Yesterday I posted the above YouTube clip that’s been all the rage across the internet the last few days. Watch it, notice your feelings, then read on if you care to. (Glenn Beck and other “Christian” leaders continue to make similar points, as you can see at the end of this post.)
__________________________________________________________________

This morning I discovered that this young woman is a satirist, intentionally spoofing the worst of what we all know actually exists among us.

I was fooled upon initial viewing. . . Were you?

If your heart sank as you watched her make the transition from sweet-hearted innocent to a (non-fundamentalist) pastor’s worst nightmare, do take a moment to reflect on that. Our hearts sink because we know that this kind of thinking still exists.
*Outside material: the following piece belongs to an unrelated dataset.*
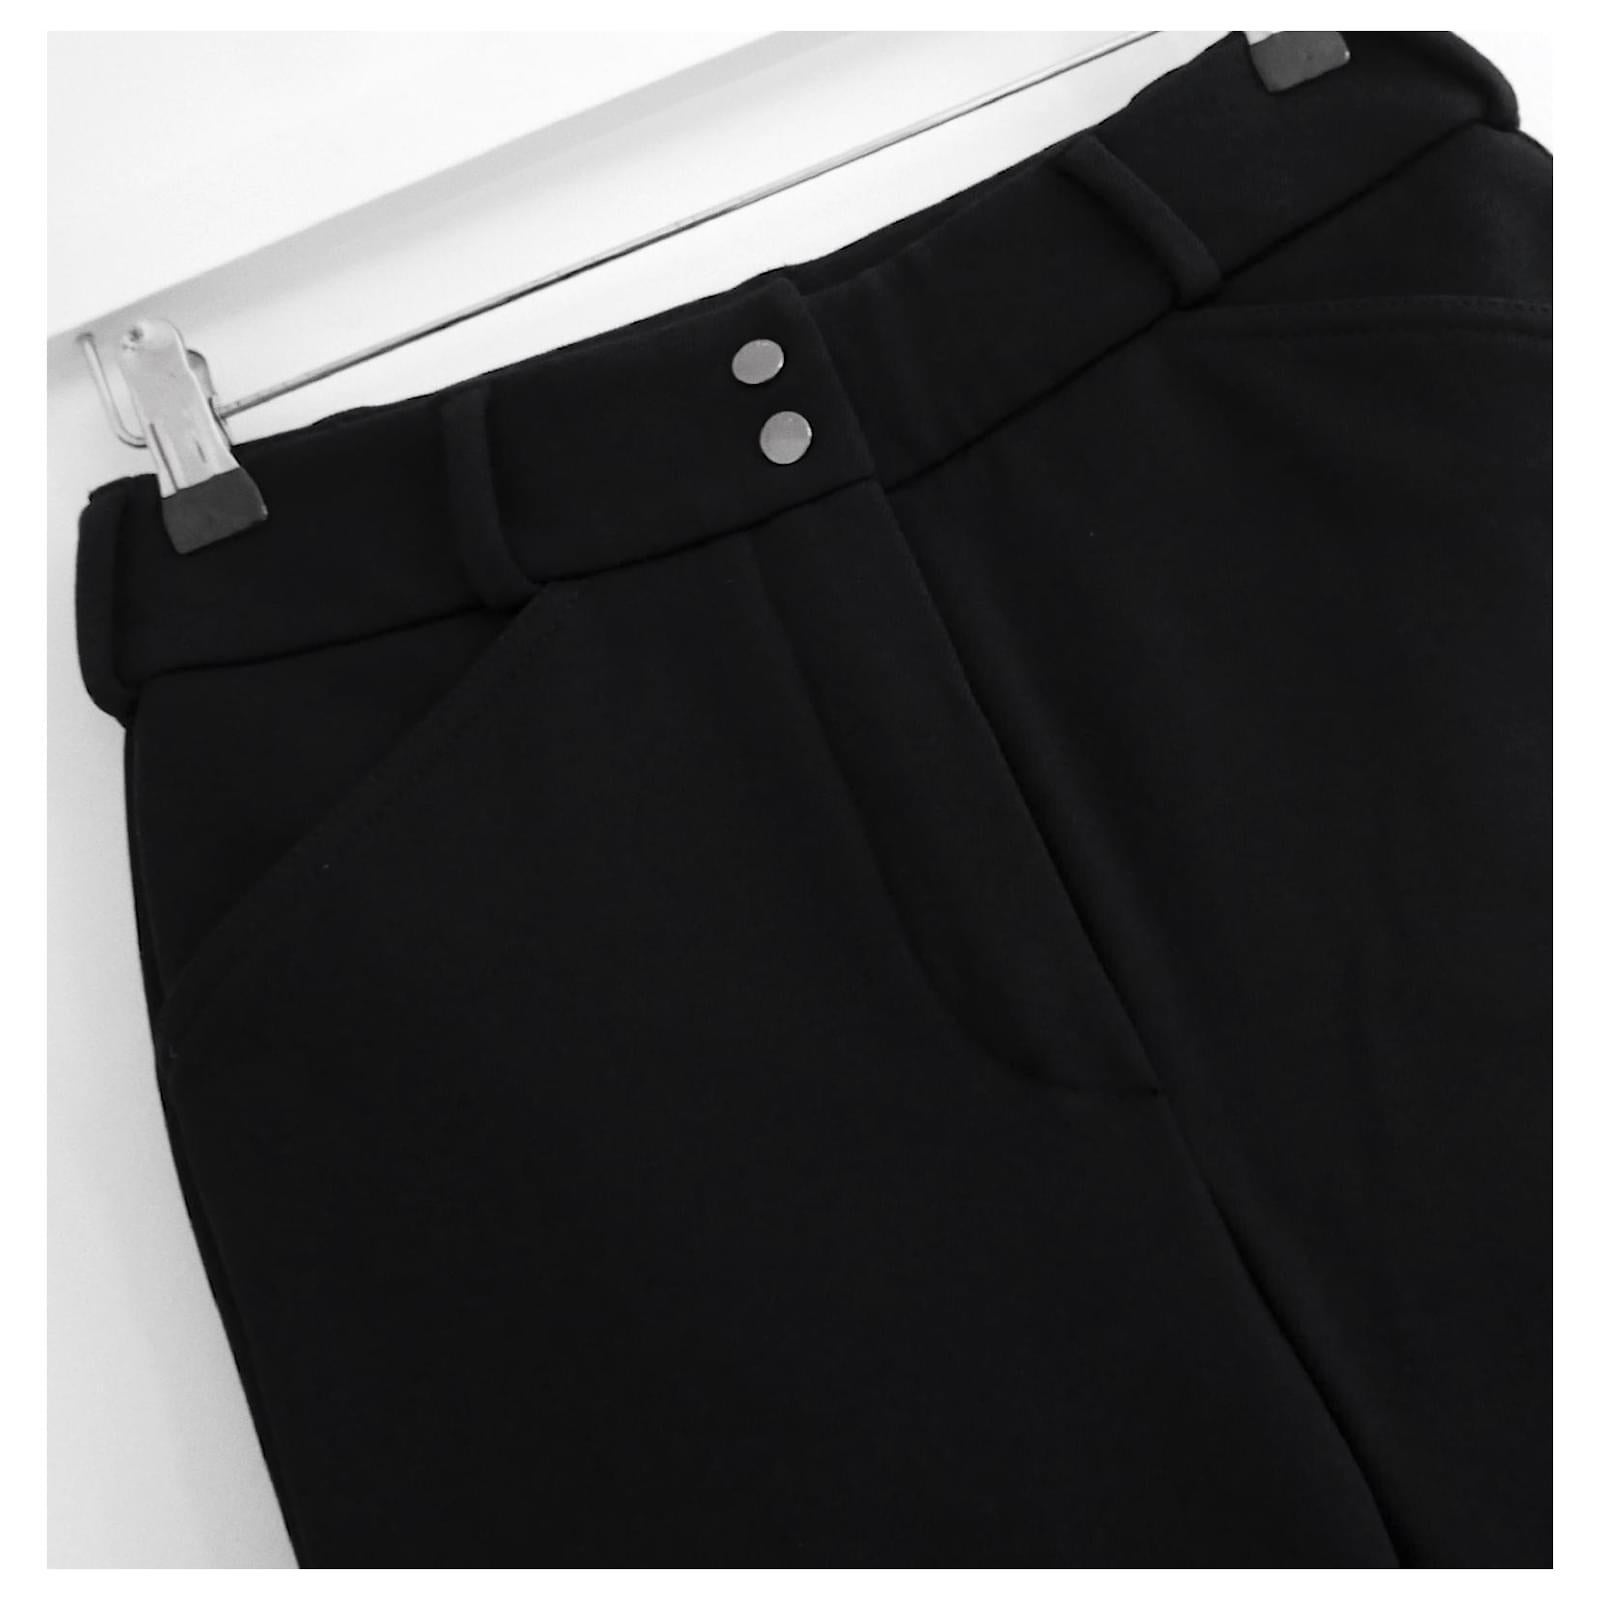 Modèle actuel de pantalon Lucien de Loro Piana. Acheté pour £895 et neuf avec étiquette. Fabriqué en polyamide et laine côtelés noirs de poids moyen, avec un intérieur brossé super doux et chaud. Ils ont des jambes fines avec des ourlets effilés à

The upside of this sad incident is that maybe you and I are motivated to be less tolerant of the twists in scriptural literalism that ramp up to devastating results the in-group / out-group dynamics that our evolutionary heritage has saddled us with. It is no longer acceptable—at all—for Christian evolutionaries to promote peace and justice and love without being willing to take the heat for outing the throwbacks whose blind and seemingly good-hearted adherence to ancient texts lends itself to such abominable, yet utterly believable, dark satires (and real-life examples; see video below).

I addressed this dark side of the monotheistic faiths in my book, Thank God for Evolution. In a sidebar (page 22) I reminded readers of some of the horrific explanations for the 2004 tsunami that were objectively reported on and quoted in some of our premier American newspapers.

In its 8 January 2005 issue, The Washington Post published an article by one of its staff writers, Bill Broadway. It was titled “Divining a Reason for Devastation” and its tagline read, “Followers of Various Faiths Differ on Natural, Supernatural Explanations for Tsunami.” Here’s how it begins (emphasis added):

Catastrophes often leave religious leaders fumbling for explanations. But there has been no shortage of reasons given for the South Asian tsunami that killed more than 147,000 people, many of them children.

In Banda Aceh, Indonesia, the hardest-hit area in the world’s most populous Muslim country, imams blamed the Dec. 26 tsunami on lay Muslims who were shirking their daily prayers and following a materialistic lifestyle. Others said Allah was angry that Muslims were killing Muslims in ongoing civil strife.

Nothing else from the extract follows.